Hay perfección en un instante y entonces yo me cuelgo de la belleza que es sólo verdaderamente bella porque se le deja ser, sin la presión de repetirse, de ensayarse, de buscarse, de recrearse.
Es un instante, es un momento y, sin embargo, a la larga, no nos quedamos más que con recuerdos. He estado incluso pensando en que en verdad no vale la pena quedarse. No vale la pena habitar en el abrazo de nadie. Abrazos cualquiera puede conseguirlos en cualquier otra persona.
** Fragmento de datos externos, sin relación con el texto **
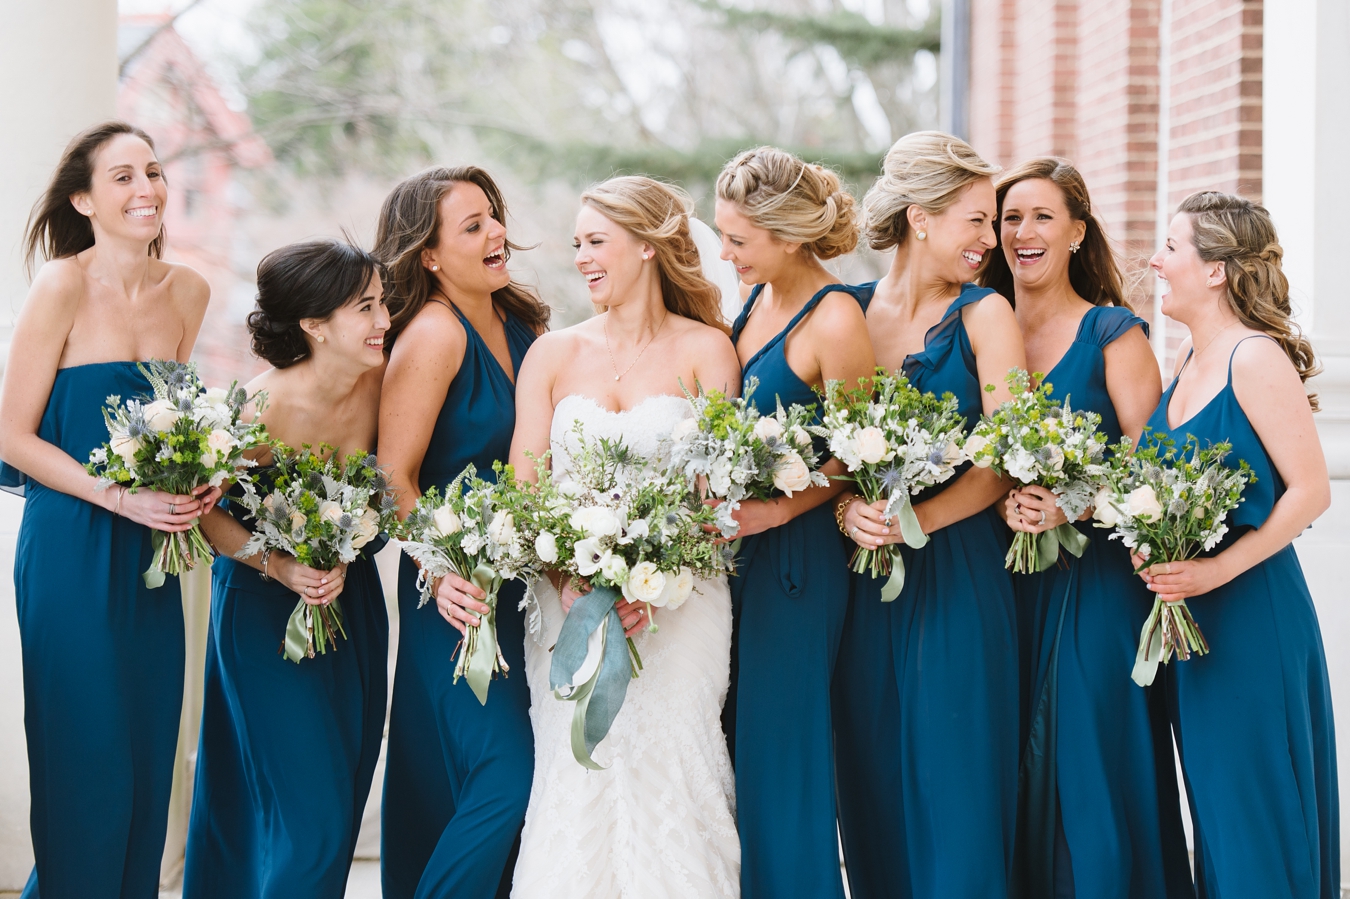 Royal Blue Bridesmaids Dresses and Organic Bouquets by Annapolis Wedding Photographer, Natalie Franke Photography
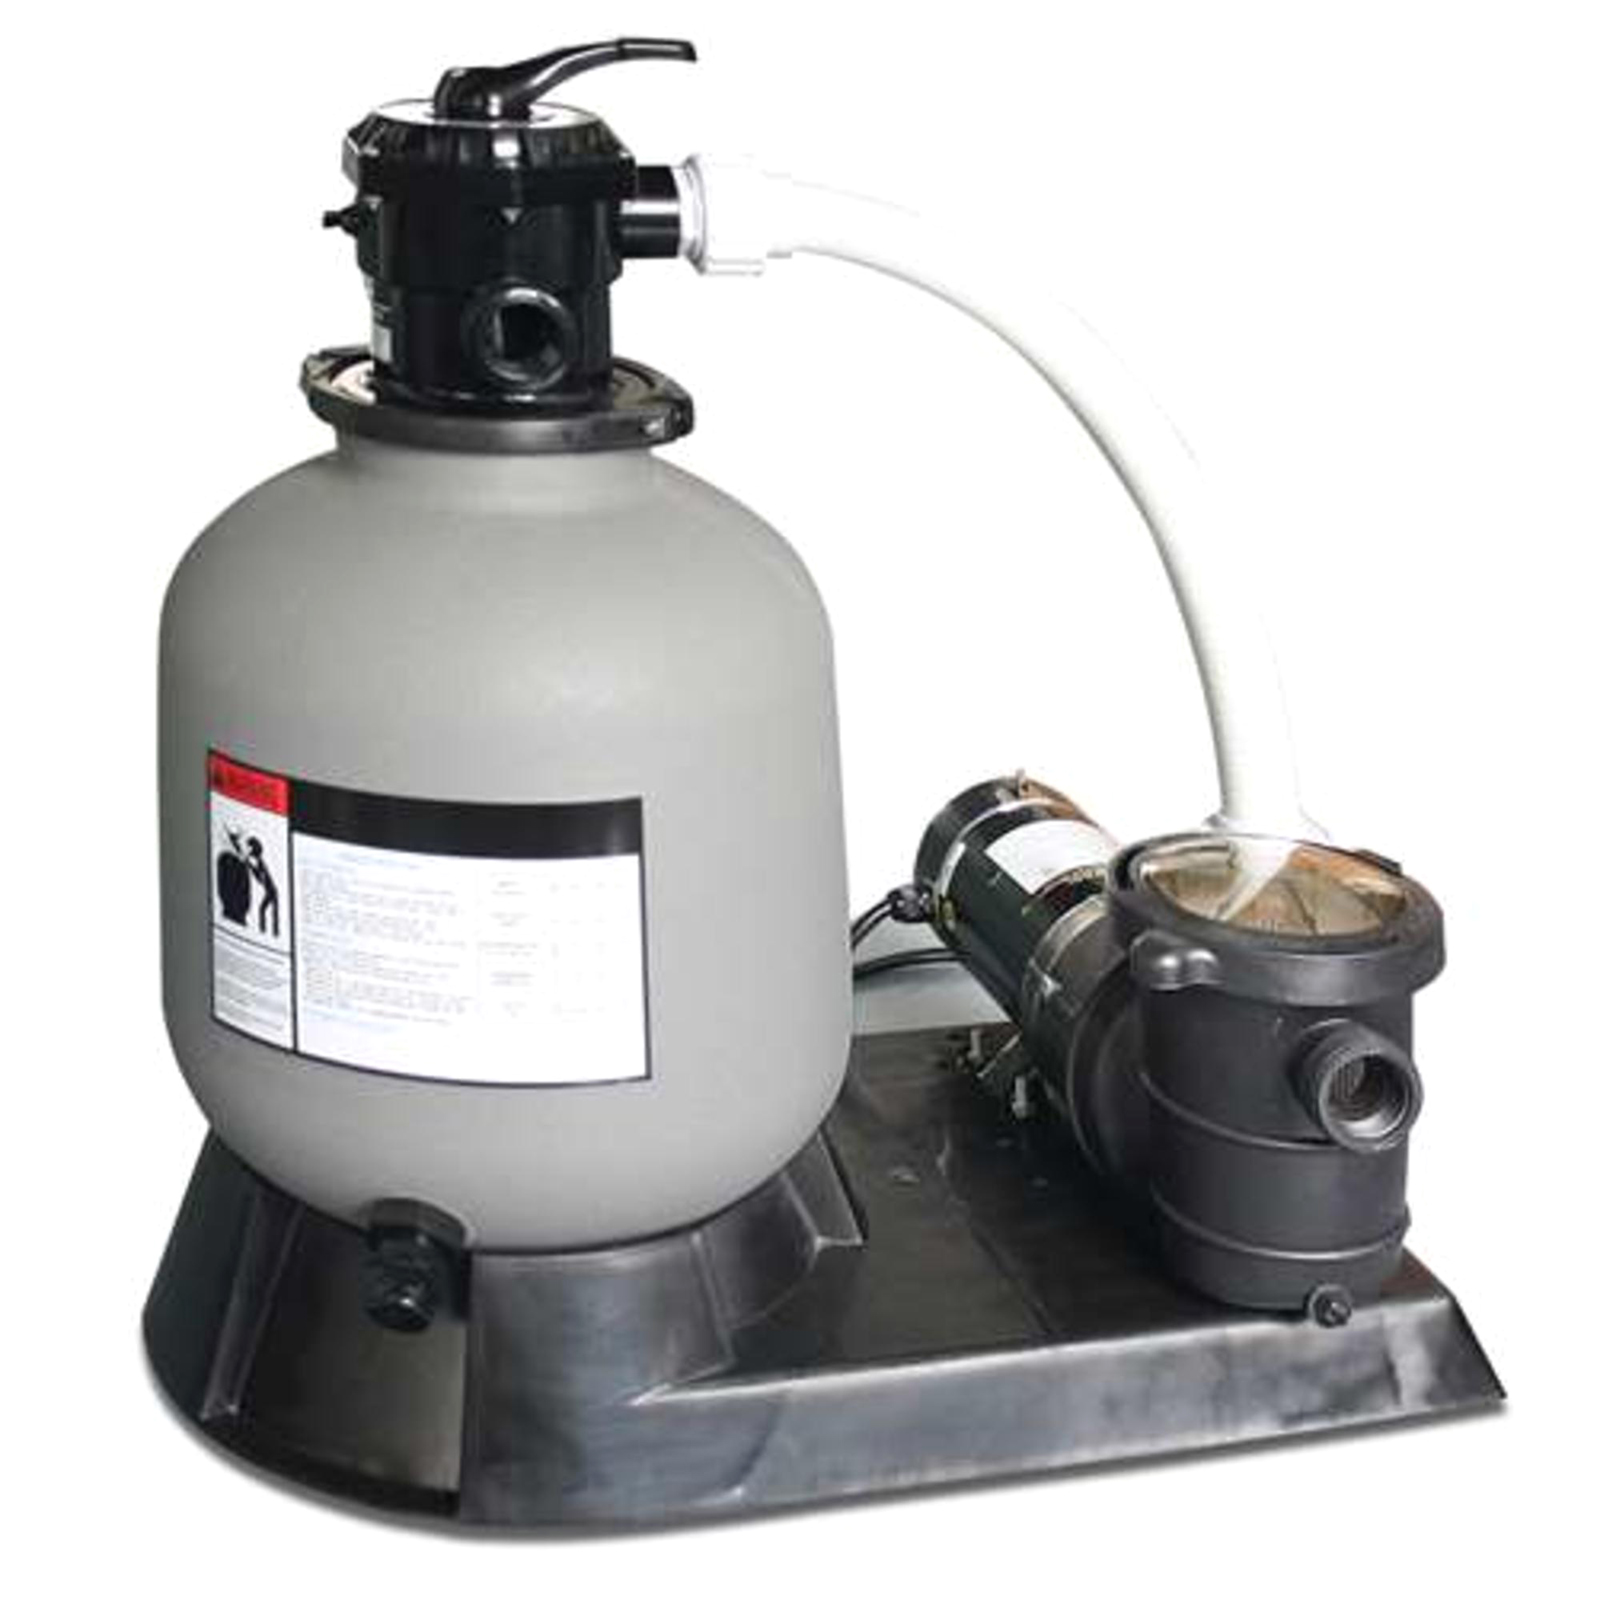 Swimline 71915 19" Sand Filter Combo for Above Ground Pool

Nadie es particularmente especial. Camino por el pasillo más lúgubre que existe. Hay un indigente tirado en lo que parecen ser escaleras a la mitad del camino. Él sólo balbucea. Es inofensivo.
Subo esas escaleras. Porque el peligro nunca me ha dado miedo. Porque disfruto sentir la navaja presionando mi garganta sin penetrarla e incluso me da impaciencia y ansiedad el saber que no morí, que me intentaron matar y que yo tengo que seguir viviendo. Me subo al ataúd de ese cadáver, miro desde arriba, estoy ahí enamorada de un hombre muerto, un hombre que no existe y no ha existido, estoy enamorada de la nada, el amor está muerto, el amor murió. Nada existe, una luz blanca cegadora me absorbe. Y yo me entrego sin resistencia. Todo con tal de salir de allí. Para siempre.